Segment Open
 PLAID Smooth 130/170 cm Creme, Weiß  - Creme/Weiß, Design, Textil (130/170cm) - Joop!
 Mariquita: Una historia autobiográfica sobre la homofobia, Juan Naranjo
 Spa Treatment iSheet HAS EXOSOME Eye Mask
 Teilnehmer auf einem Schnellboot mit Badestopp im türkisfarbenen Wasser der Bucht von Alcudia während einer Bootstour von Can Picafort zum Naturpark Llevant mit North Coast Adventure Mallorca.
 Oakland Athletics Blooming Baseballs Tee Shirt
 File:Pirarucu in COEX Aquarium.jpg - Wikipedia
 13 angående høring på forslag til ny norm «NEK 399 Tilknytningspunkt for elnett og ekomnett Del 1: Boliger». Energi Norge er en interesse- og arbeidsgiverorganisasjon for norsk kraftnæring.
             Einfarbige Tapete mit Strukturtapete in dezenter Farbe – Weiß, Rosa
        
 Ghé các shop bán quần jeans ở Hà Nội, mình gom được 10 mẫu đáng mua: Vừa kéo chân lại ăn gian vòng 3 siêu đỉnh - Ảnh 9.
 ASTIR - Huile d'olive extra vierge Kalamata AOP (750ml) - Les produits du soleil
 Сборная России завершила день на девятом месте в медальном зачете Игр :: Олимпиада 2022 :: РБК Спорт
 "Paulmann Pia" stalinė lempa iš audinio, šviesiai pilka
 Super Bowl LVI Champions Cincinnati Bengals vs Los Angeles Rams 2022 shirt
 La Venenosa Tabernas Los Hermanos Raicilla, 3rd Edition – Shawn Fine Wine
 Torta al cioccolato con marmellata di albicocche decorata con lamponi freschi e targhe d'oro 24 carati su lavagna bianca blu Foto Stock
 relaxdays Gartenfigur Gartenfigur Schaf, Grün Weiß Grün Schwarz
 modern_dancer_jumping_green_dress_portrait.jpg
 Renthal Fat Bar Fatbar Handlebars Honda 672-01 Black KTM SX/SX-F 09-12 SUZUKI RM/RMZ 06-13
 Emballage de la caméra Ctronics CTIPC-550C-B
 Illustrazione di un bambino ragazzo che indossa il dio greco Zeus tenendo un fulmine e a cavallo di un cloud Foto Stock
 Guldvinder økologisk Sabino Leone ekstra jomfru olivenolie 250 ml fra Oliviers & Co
Segment Closed
> **What the task requires**
Your answer should be the line with "Super Bowl LVI" and all lines after it in the listing above, repeated exactly. No other lines belong.

> **Response below**
 Super Bowl LVI Champions Cincinnati Bengals vs Los Angeles Rams 2022 shirt
 La Venenosa Tabernas Los Hermanos Raicilla, 3rd Edition – Shawn Fine Wine
 Torta al cioccolato con marmellata di albicocche decorata con lamponi freschi e targhe d'oro 24 carati su lavagna bianca blu Foto Stock
 relaxdays Gartenfigur Gartenfigur Schaf, Grün Weiß Grün Schwarz
 modern_dancer_jumping_green_dress_portrait.jpg
 Renthal Fat Bar Fatbar Handlebars Honda 672-01 Black KTM SX/SX-F 09-12 SUZUKI RM/RMZ 06-13
 Emballage de la caméra Ctronics CTIPC-550C-B
 Illustrazione di un bambino ragazzo che indossa il dio greco Zeus tenendo un fulmine e a cavallo di un cloud Foto Stock
 Guldvinder økologisk Sabino Leone ekstra jomfru olivenolie 250 ml fra Oliviers & Co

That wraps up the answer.